実行犯は以下の通りである。 この作戦による戦果は莫大であったが、損害もまた甚大だった。戦闘員は全員討死、うちルスクォミーズとバイエルンを除く全員が復活不能の完全な存在抹消に追い込まれ、首謀者ディスペータは処刑された。その結果、姉妹の歴史の中でも有数の量の欠番が生じ、キュトス数の均衡はひどく乱れ、ヘリステラアーズノエルが直々に【バランサー】の補佐をしなければならないほどであった。

 事件の後、姉妹の統率を計らなければならない上位姉妹の立場でありながらキュトス数の均衡を乱したとして、生存したカタルマリーナとアーズノエル、ルスクォミーズは図書館襲撃に関わらなかった上位姉妹に激しく糾弾された。これが【九姉評議会】の興りであり、ルスクォミーズが九姉に対する叛意を抱いたきっかけともなったのだった。

図書館襲撃事件のその後

 第一次図書館襲撃事件の顛末により、その後のキュトスの姉妹の在り方は大きく変化した。

【九姉】体制

 20番以上の上位姉妹のうち戦闘力の高い者の半数以上が復活不能になった事を受けて、ヘリステラとアーズノエルは自分たちの防衛に積極的な姉妹の大半を星見の塔に招集、今後の防衛体制を話し合った。その結果案出されたのが、当時から姉妹の間だけでなく大陸諸世界にその名を轟かせていた1番から9番の姉妹を、姉妹の選任の防衛者にして支配者として擁立することであった。これが即ち【九姉】であり、姉妹の最高意思決定機関として【九姉評議会?】が設立されたのである。
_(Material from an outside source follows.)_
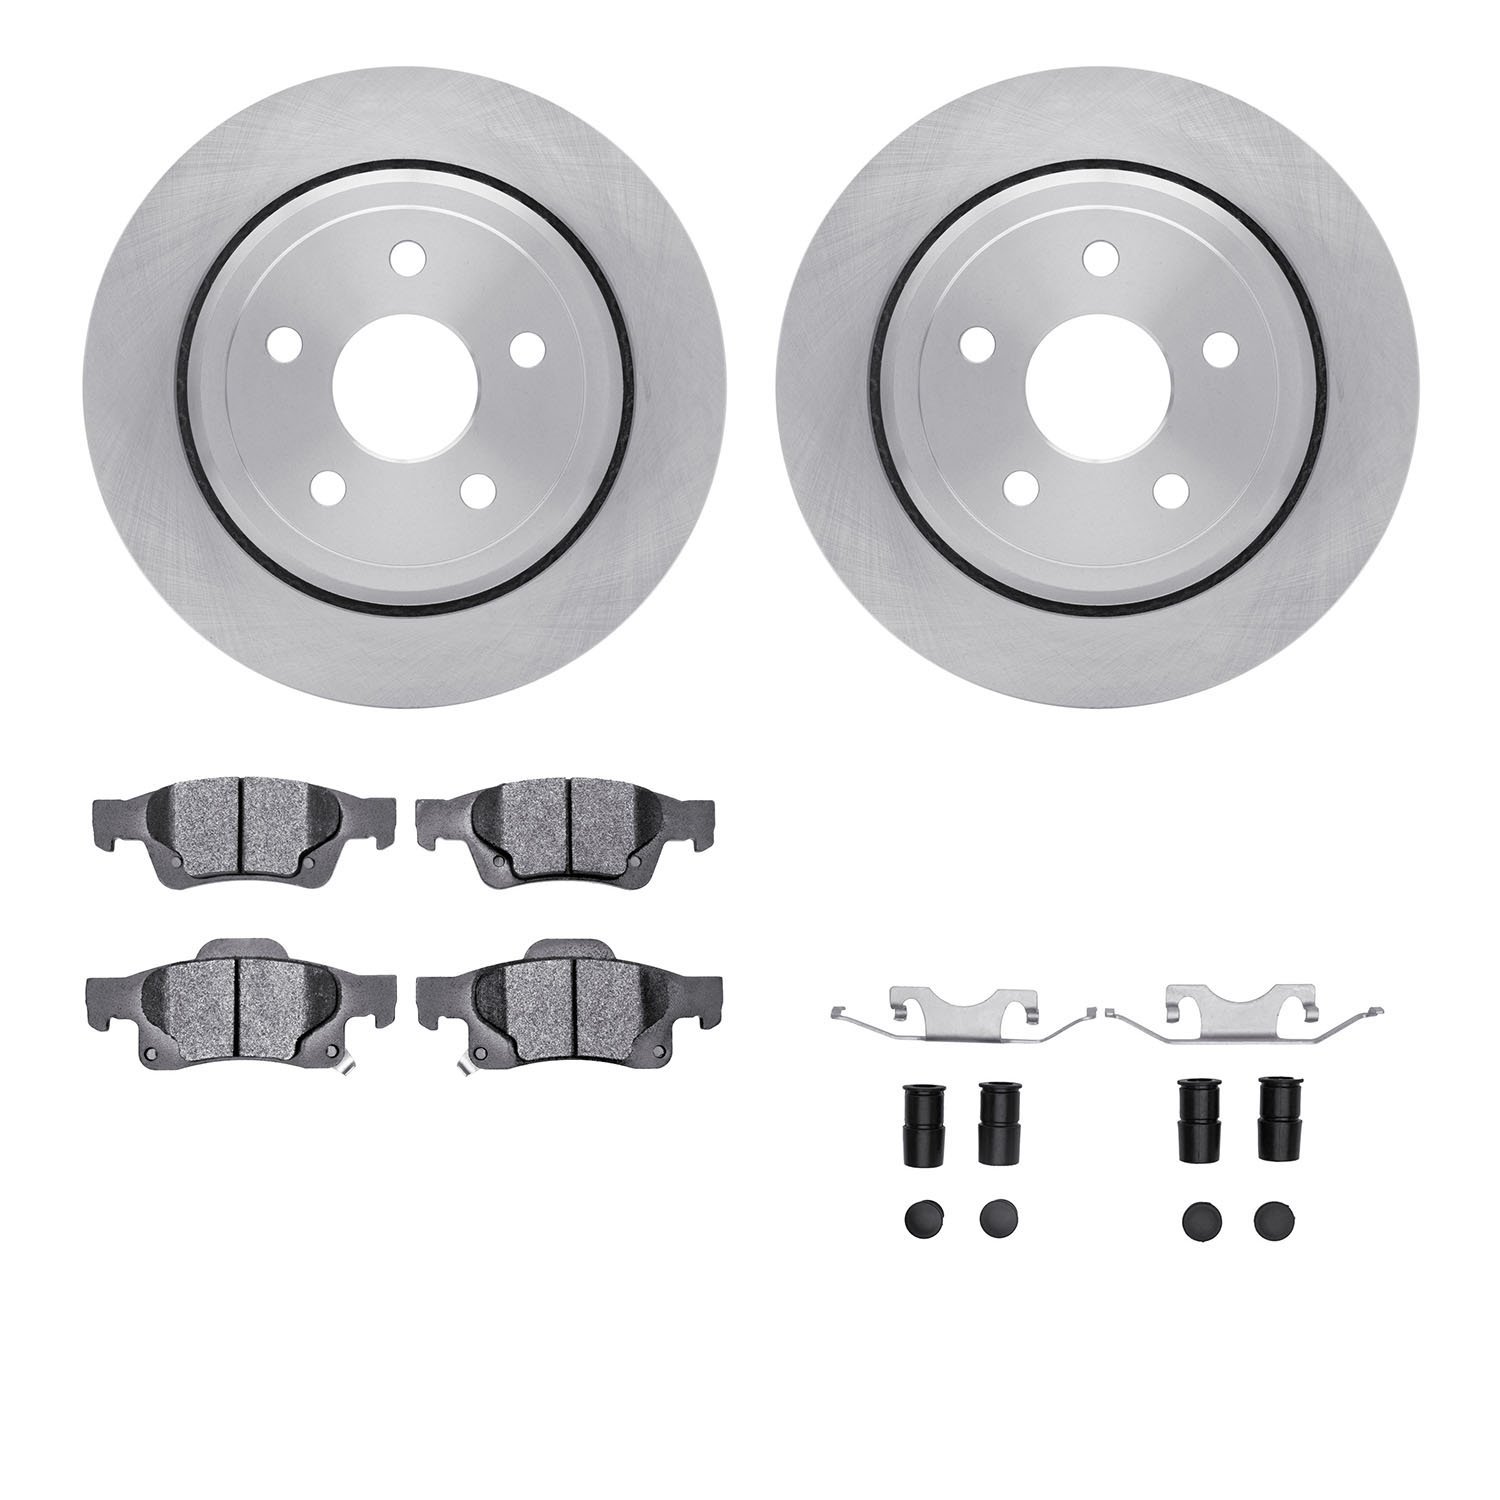 6412-42019 Brake Rotors with Ultimate-Duty Brake Pads Kit & Hardware, Fits Select Mopar, Position: Rear

 しかし、Cu1-5ディスペータとCu1-8ティエポロスの二名が損失された以上、その体制の実質的な確立は5番と8番の姉妹の新生を待たなければならなかった。

Cu2-5、呪姫エトラメトラトン

 図書館襲撃事件から二十八年後(これは比較的早い部類に入る)、アーズノエルは5番の姉妹の新生を確認。ヘリステラによって速やかに捕捉された彼女は、自らをエトラメトラトン、即ち上代アヴロニア語?で「永遠の呪いの化身」と名乗った。彼女はヘリステラに出会うと、わっと抱きついて泣き出した。

 黒地に銀糸の文字がびっしりと刺繍された見事なドレスをぼろきれのような外套の下に隠した、人間ならば十四歳程度に見受けられる彼女は、寂れた農村の青年にはまるで落ち延びてきたどこか遠い国の姫君のように見えたようであった。青年は一目で恋に落ち、二人は愛を育んだが、その愛が真正なことと、自分が魔女であることを知っていた彼女は、絶望して青年に「恋を忘れる呪い」をかけた。歳月を経て、自分と引き離される悲しみを青年に味わわせたくなかったからである。これが彼女の生まれて初めての呪いであり、その呪いの文句はまるで心からの愛の言葉のように彼女の口から紡がれ、その声は美しく響いた。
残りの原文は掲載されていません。